- _Task_
The answer is the exact run of lines in the listing below from the line containing "Gert Voorjans for" up to and including the line containing "Jim Thompson has", with pictures removed.

- _Data excerpts_
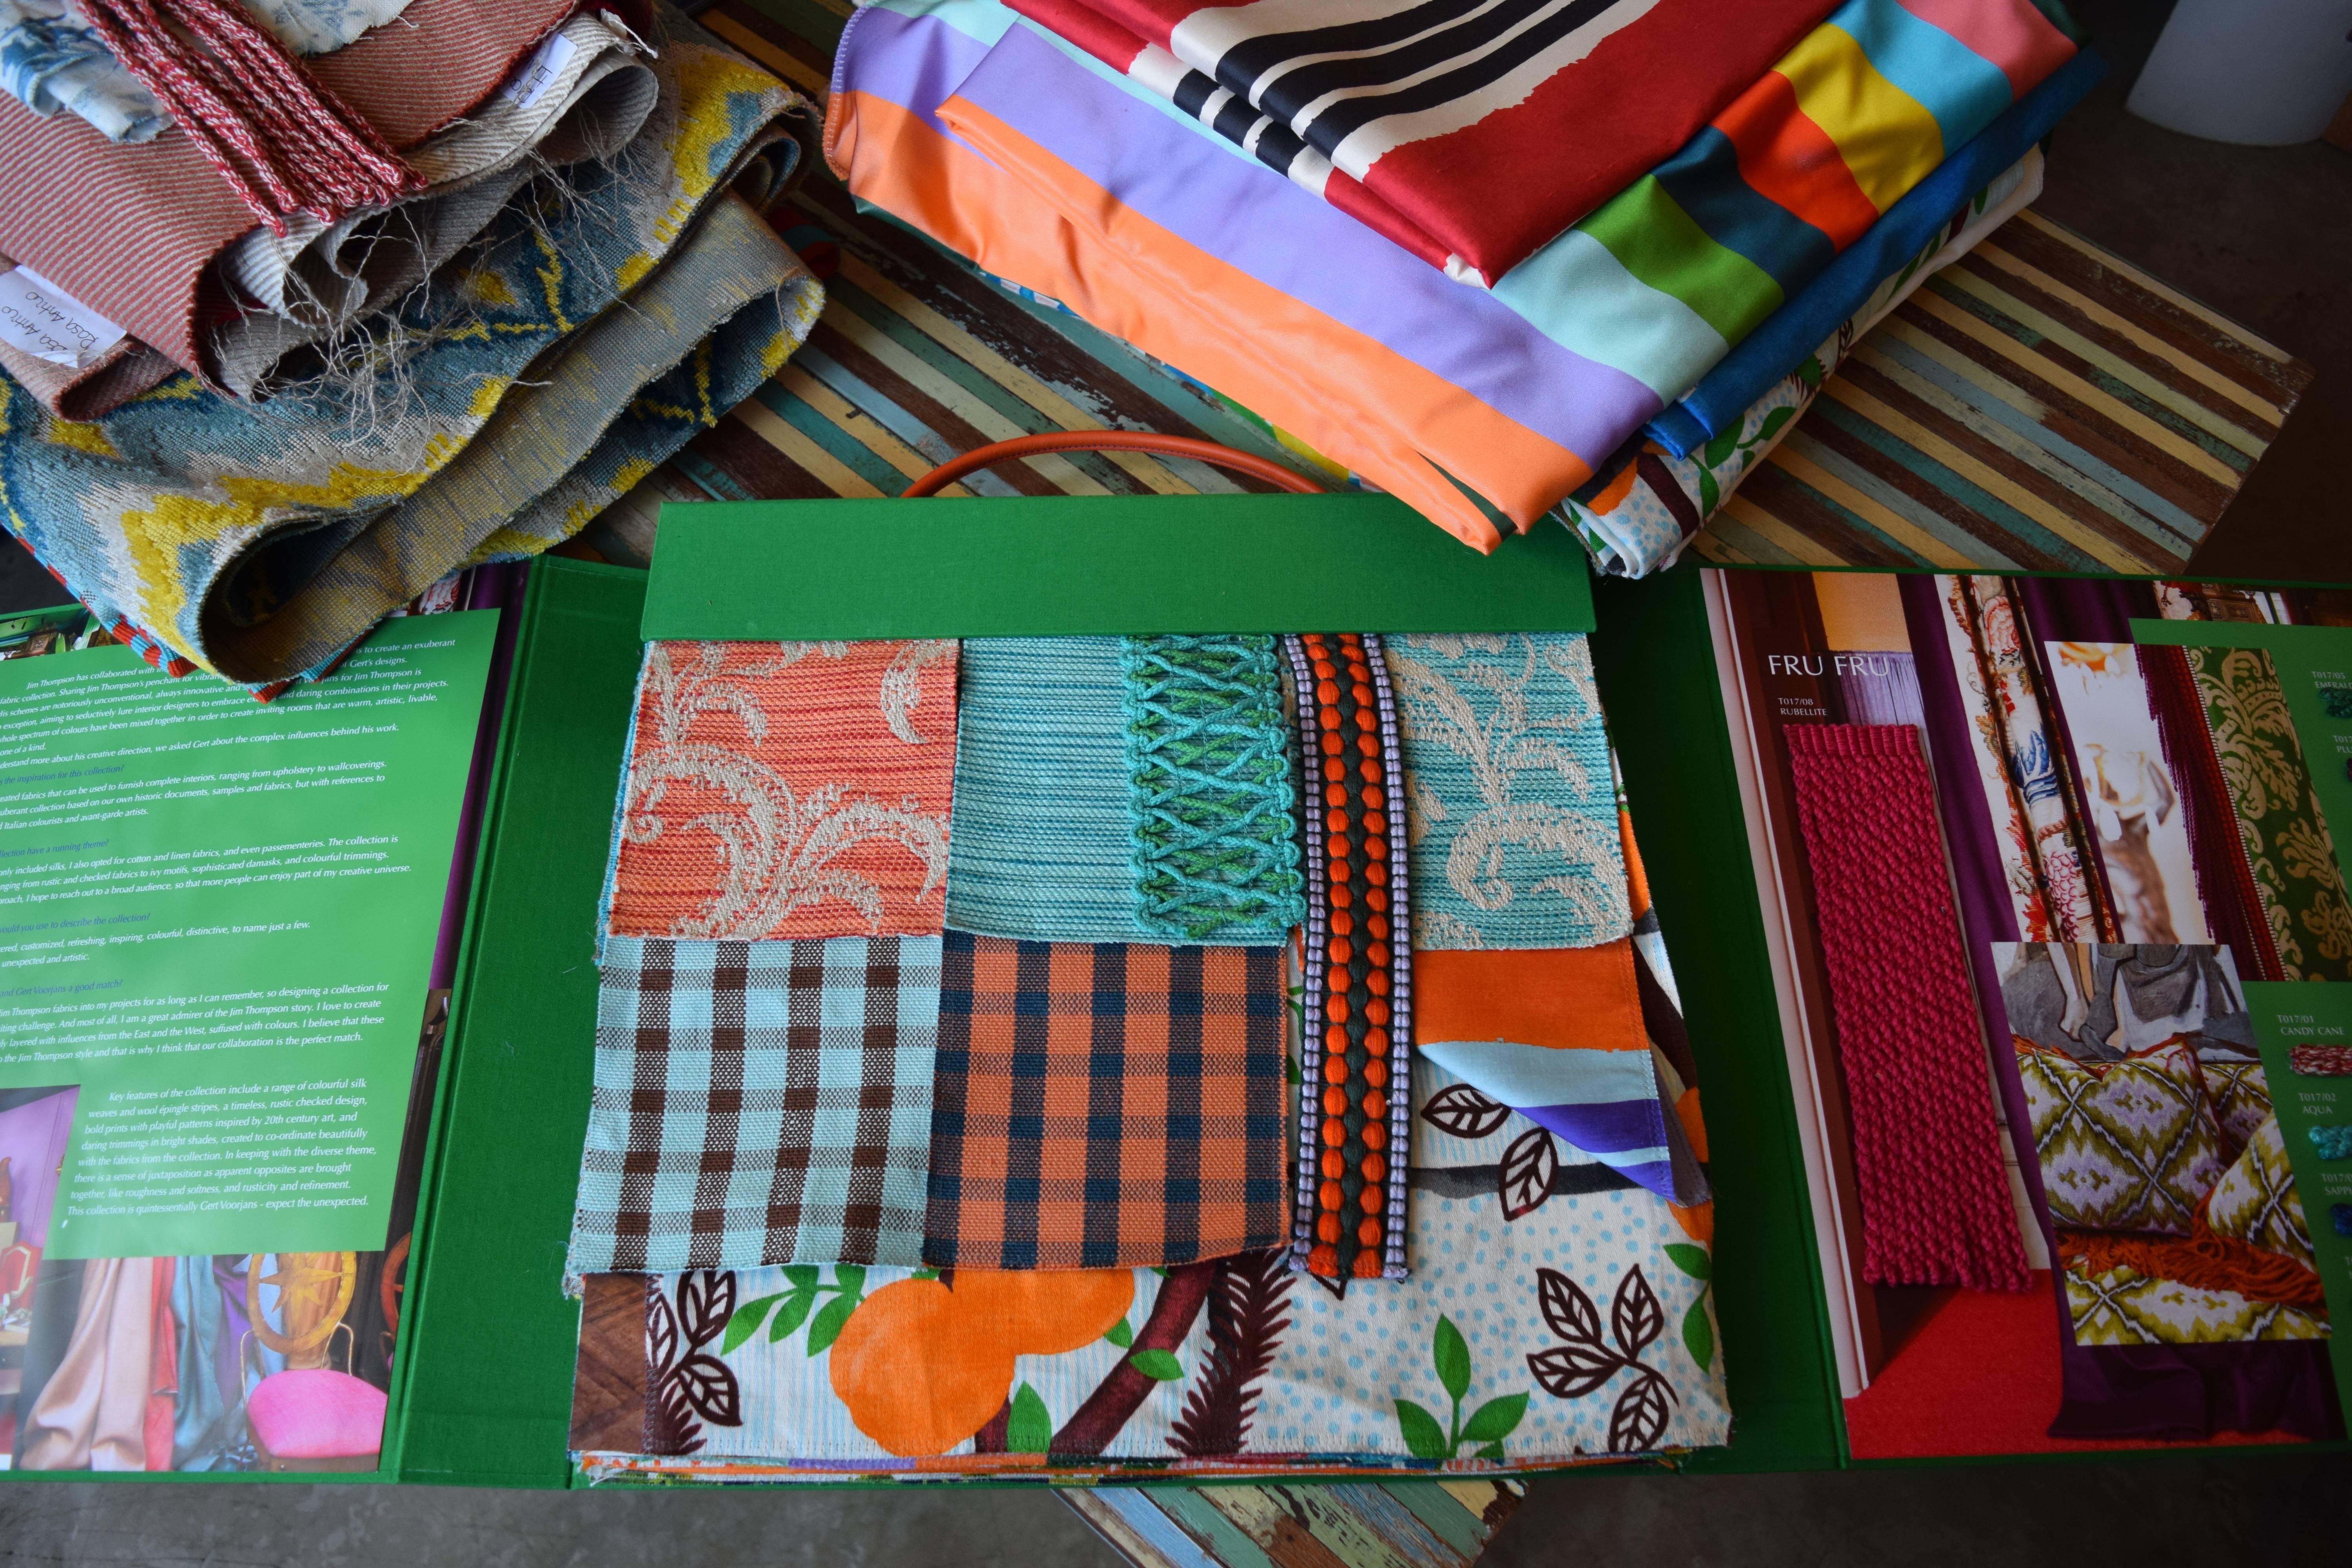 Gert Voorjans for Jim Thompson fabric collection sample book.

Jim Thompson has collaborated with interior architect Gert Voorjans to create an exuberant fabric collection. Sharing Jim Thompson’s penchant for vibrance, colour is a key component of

...

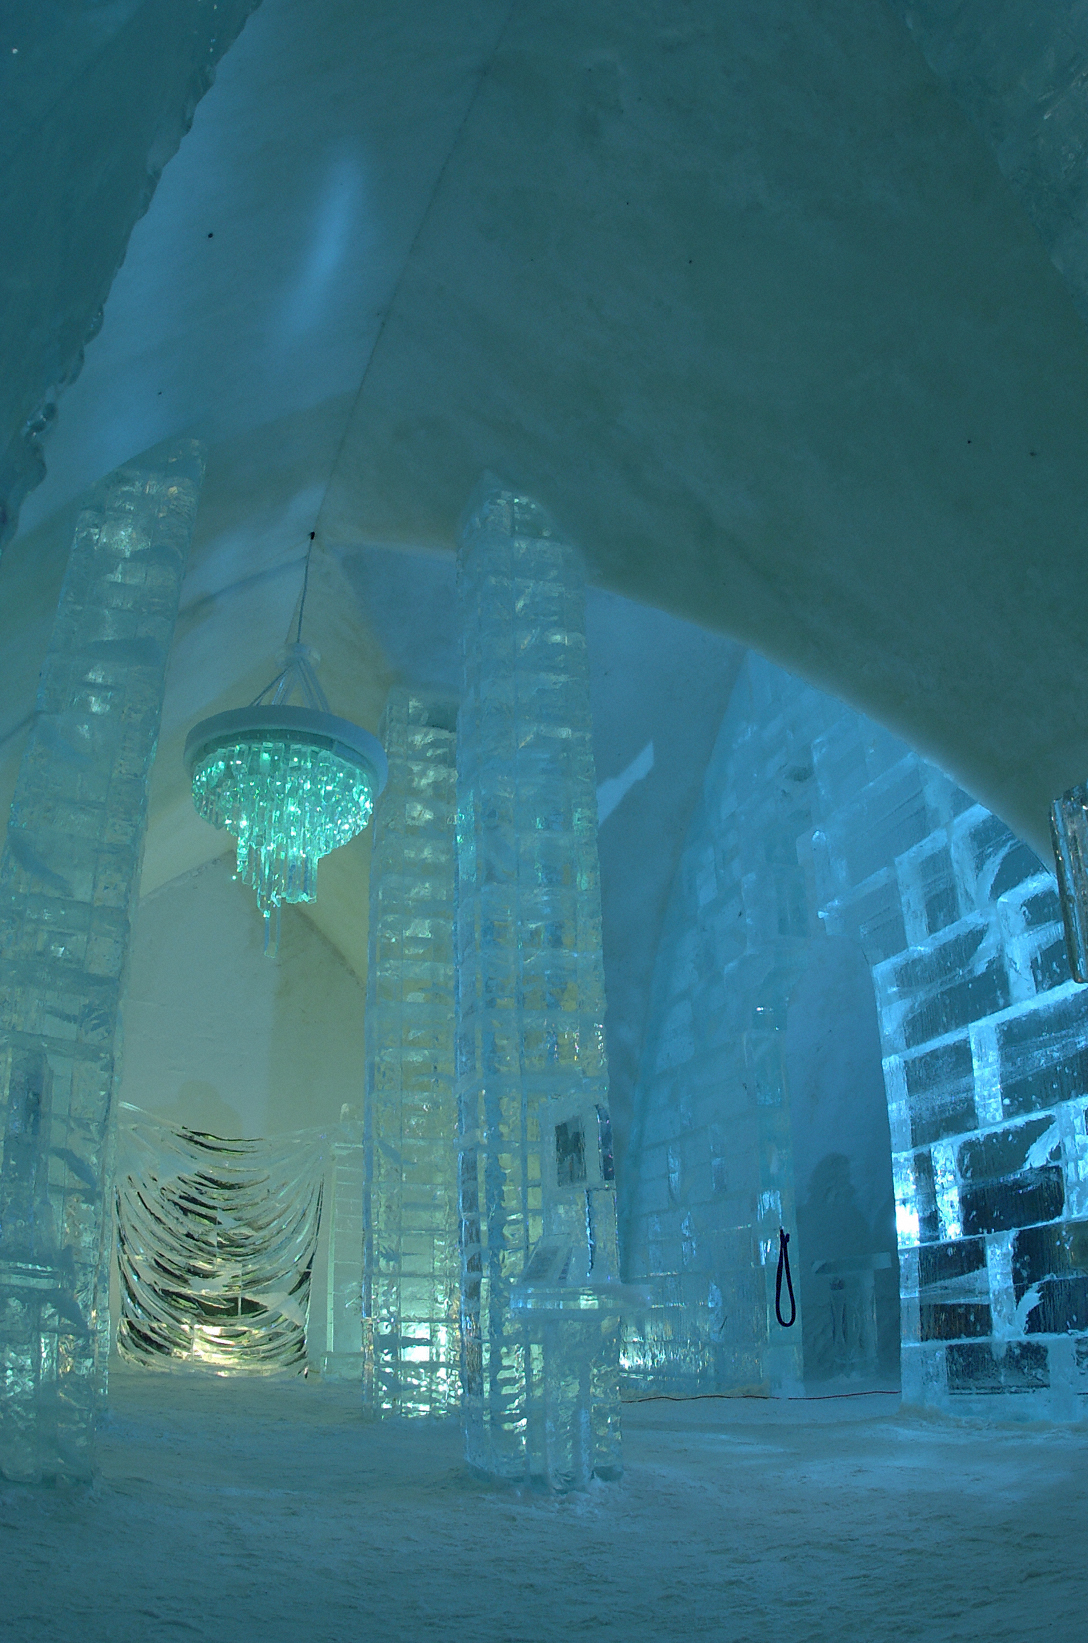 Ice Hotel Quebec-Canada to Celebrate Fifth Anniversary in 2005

- _Problem solution_
 Gert Voorjans for Jim Thompson fabric collection sample book.

Jim Thompson has collaborated with interior architect Gert Voorjans to create an exuberant fabric collection. Sharing Jim Thompson’s penchant for vibrance, colour is a key component of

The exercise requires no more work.